__Work item__.
In the material below, find the span from the line with "Dining In Room" to the line with "2001 jeep cherokee" and transcribe only those lines, exactly, ends included, without the pictures.

__Exercise material__.
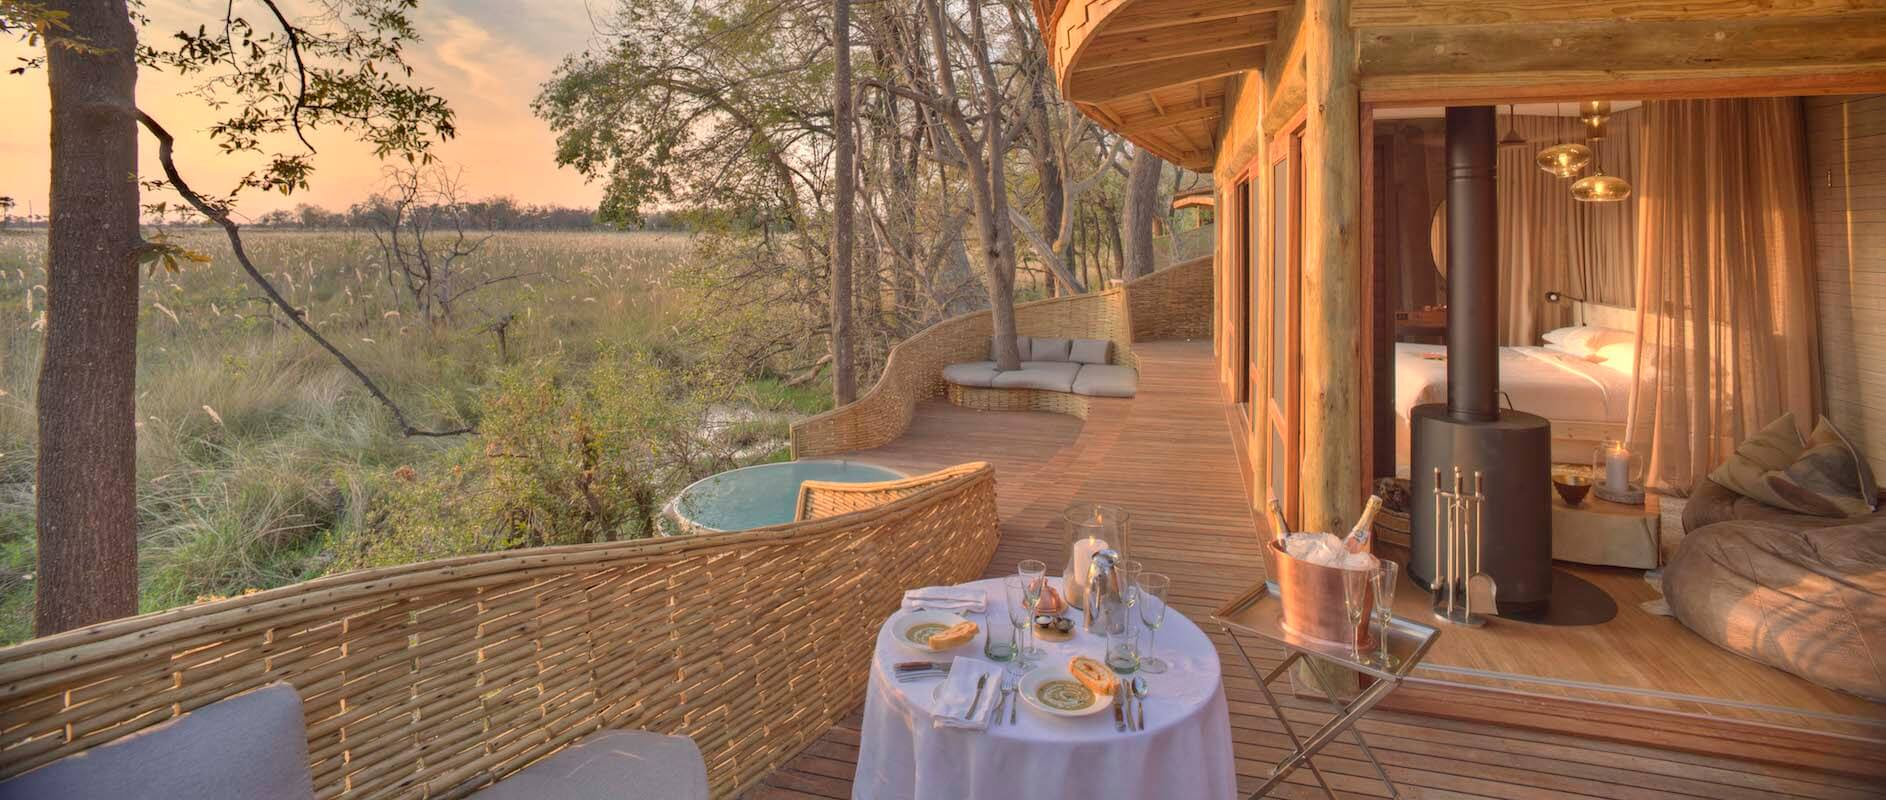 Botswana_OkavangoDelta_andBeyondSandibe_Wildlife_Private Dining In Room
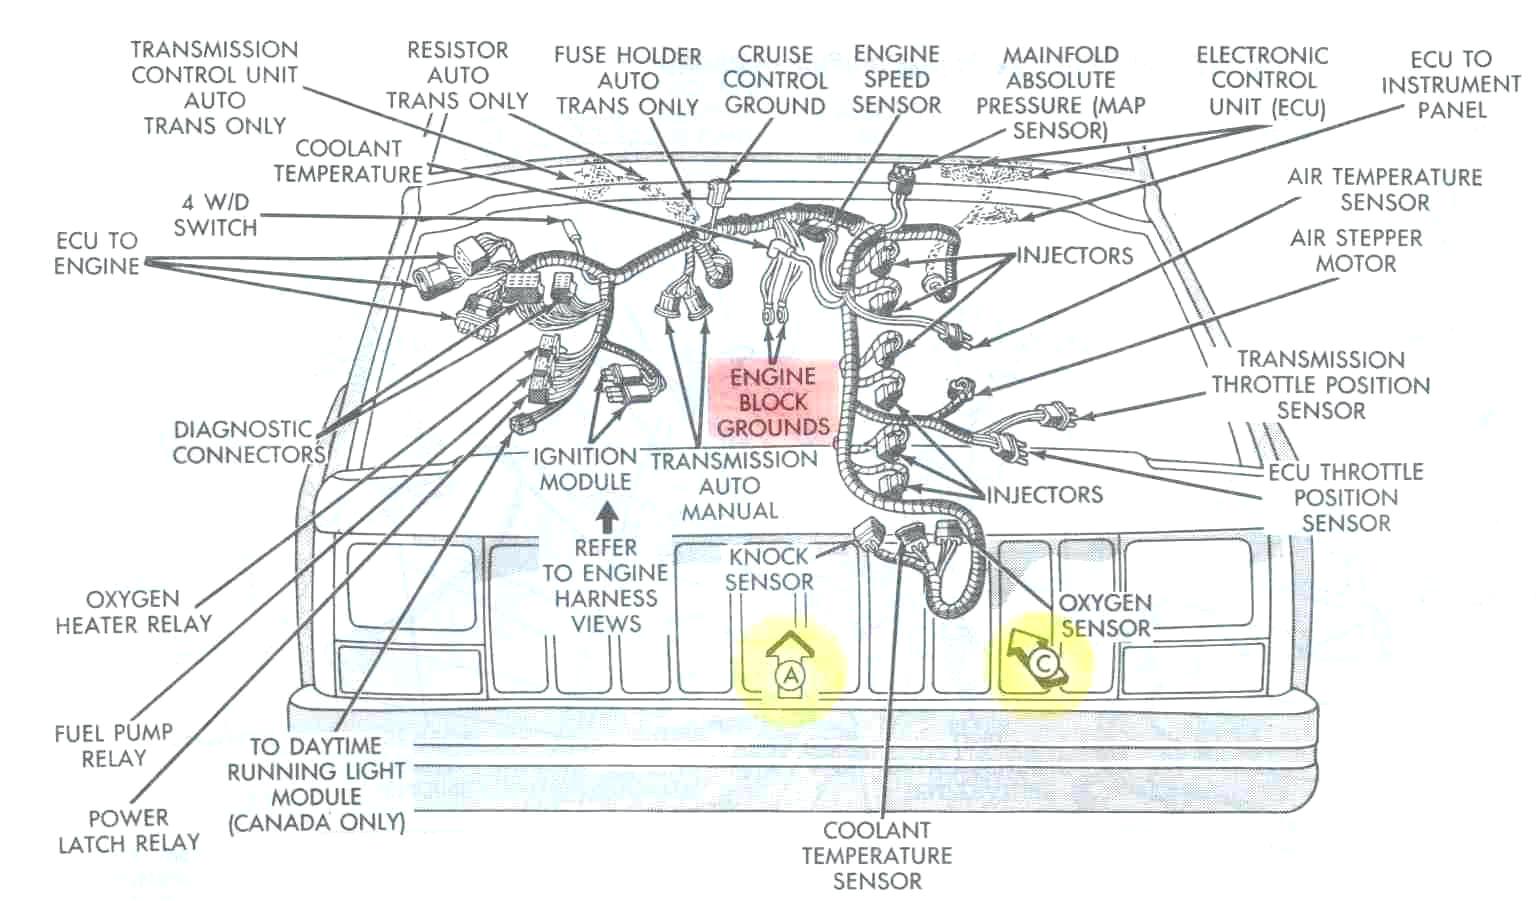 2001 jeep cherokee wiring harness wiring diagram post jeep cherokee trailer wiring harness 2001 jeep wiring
...
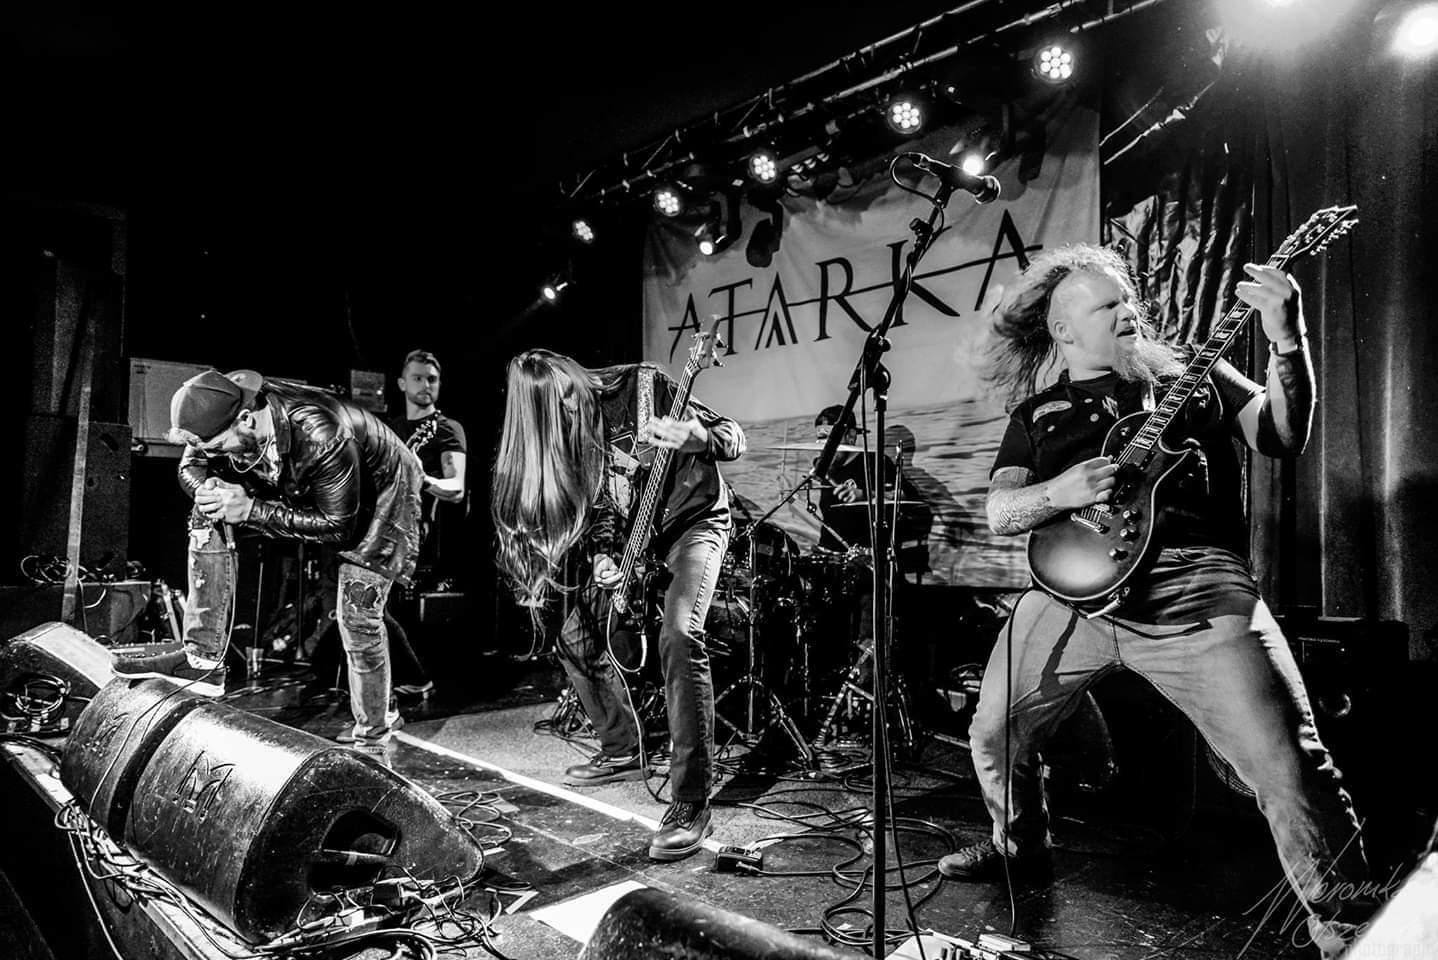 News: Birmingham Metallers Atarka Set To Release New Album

__Answer section__.
 Botswana_OkavangoDelta_andBeyondSandibe_Wildlife_Private Dining In Room
 2001 jeep cherokee wiring harness wiring diagram post jeep cherokee trailer wiring harness 2001 jeep wiring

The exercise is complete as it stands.